Description: Step 1: A short paragraph will be projected on the board. Each group will be challenged to create a comic strip with no more than three panels to summarize the passage. Only two groups will be called on to do a presentation while the other groups will assess them.

Step 2: Students will be asked to rearrange the room so that they sit similarly to how a bowl looks, that is, a huge circle with a much smaller one on the inside (fish). Despite this arrangement though, students are still in their groups. Each group will be given a short newspaper clipping and challenged to find at least 5 main points.

Step 3: After twenty minutes, each group will take turns to sit in the inner circle of the bowl. Whenever a group is in the bowl, their article will be projected on the board so that the entire class will be able to read the article to assess the group presenting.
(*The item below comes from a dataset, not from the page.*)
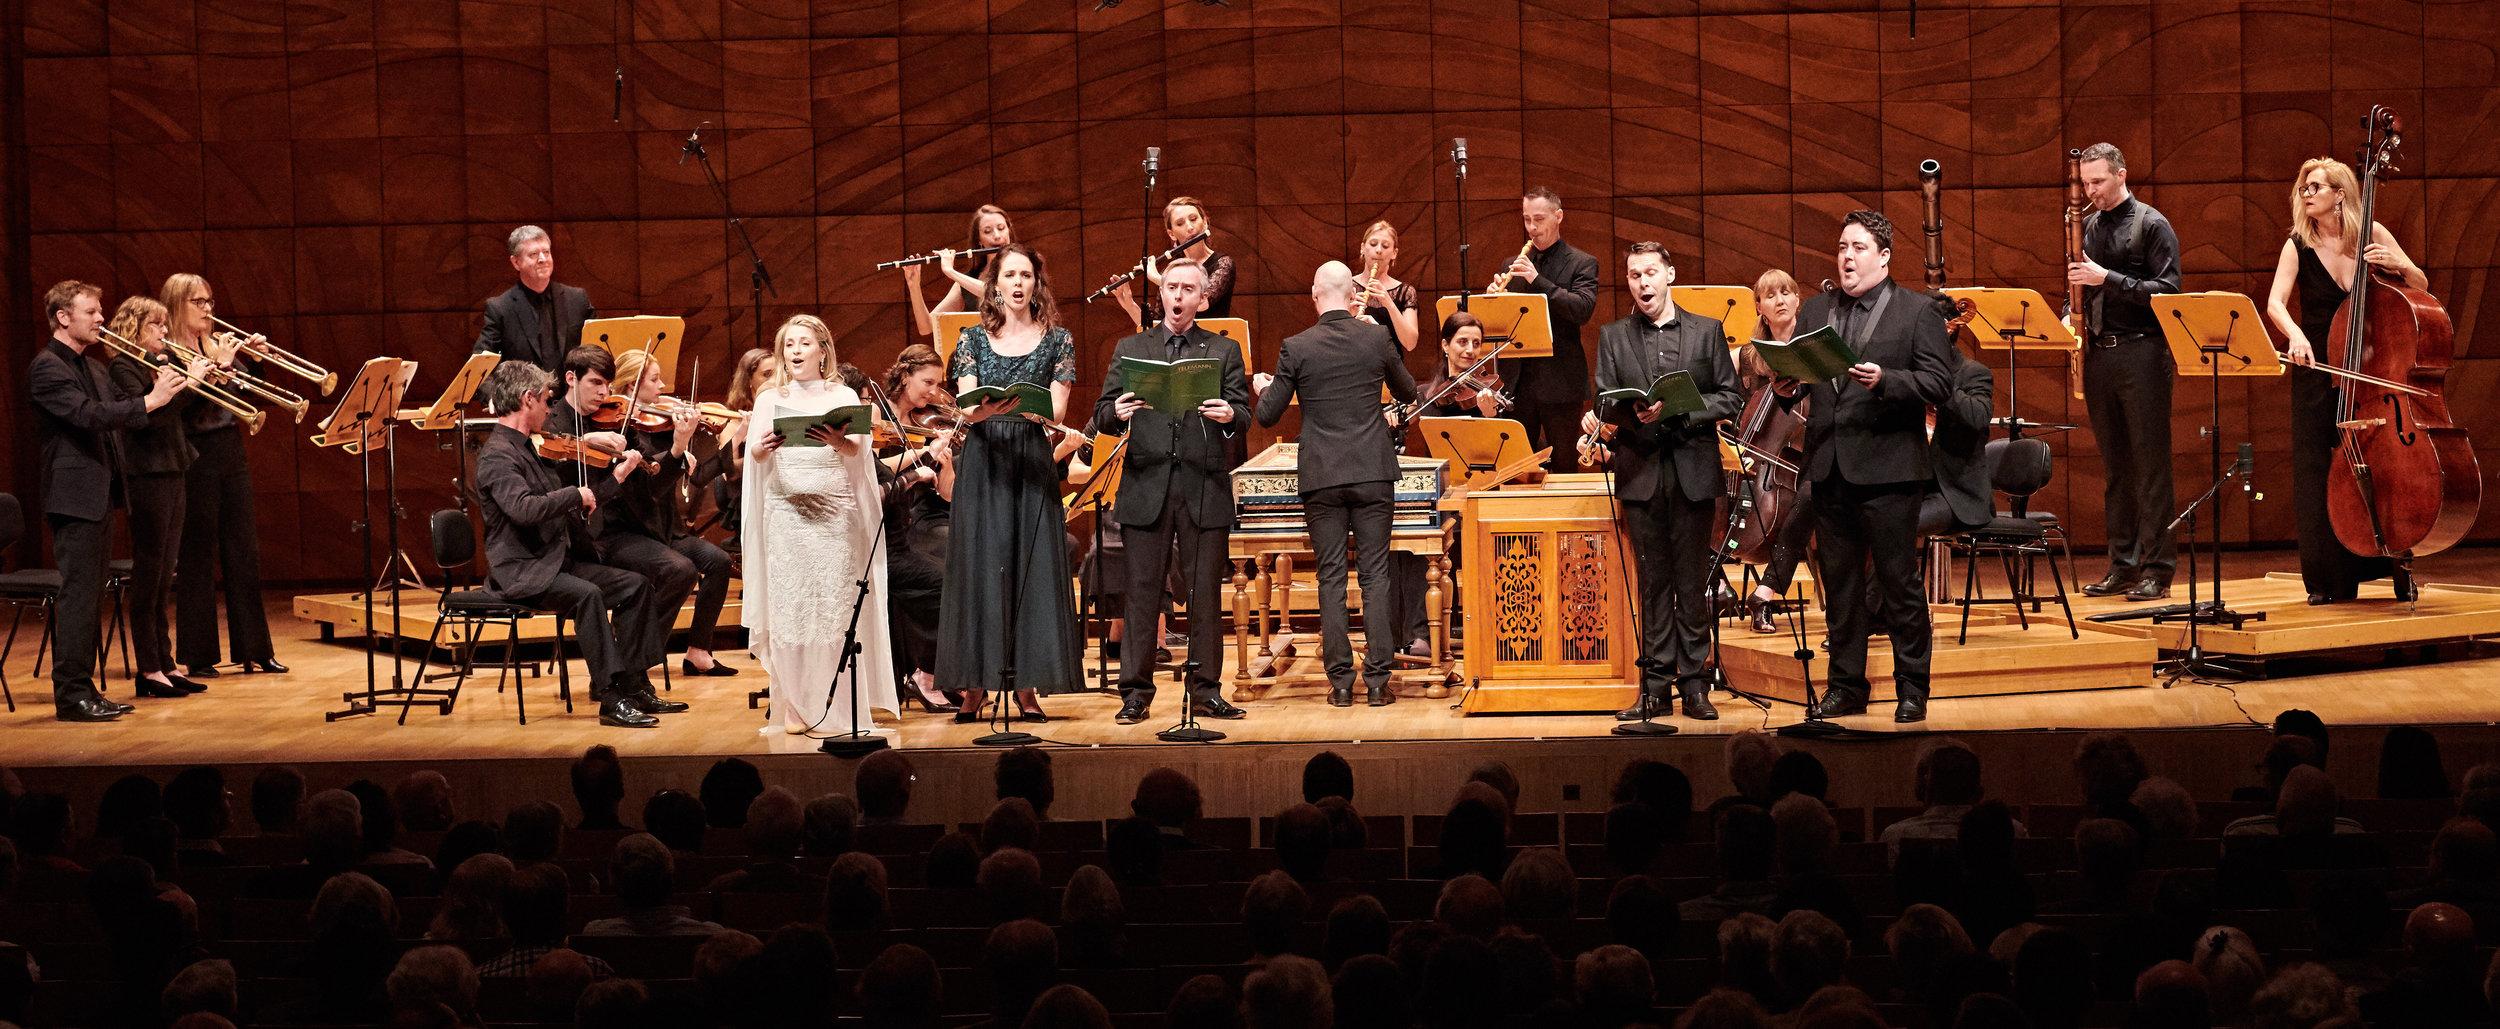 Bach & Telemann - Pincgut Opera / Melbourne & Sydney / April 2019

This will allow for all students to be attentive so that each/ each group can offer meaningful criticisms.

Step 4: Each group will then be asked to share what they garnered from the activity. To clarify misconceptions and to move to the techniques of summary writing, teacher will do a power point presentation on finding the main ideas using the filtering technique. The presentation will seek to engage students’ participation and even at intervals students will direct the class. At this point students’ understanding of the topic would have been clearer.



Step 5: A short paragraph will be projected on the board. Each group will be challenged to create a comic strip with no more than three panels to summarize the passage. Only two groups will be called on to do a presentation while the other groups will assess them.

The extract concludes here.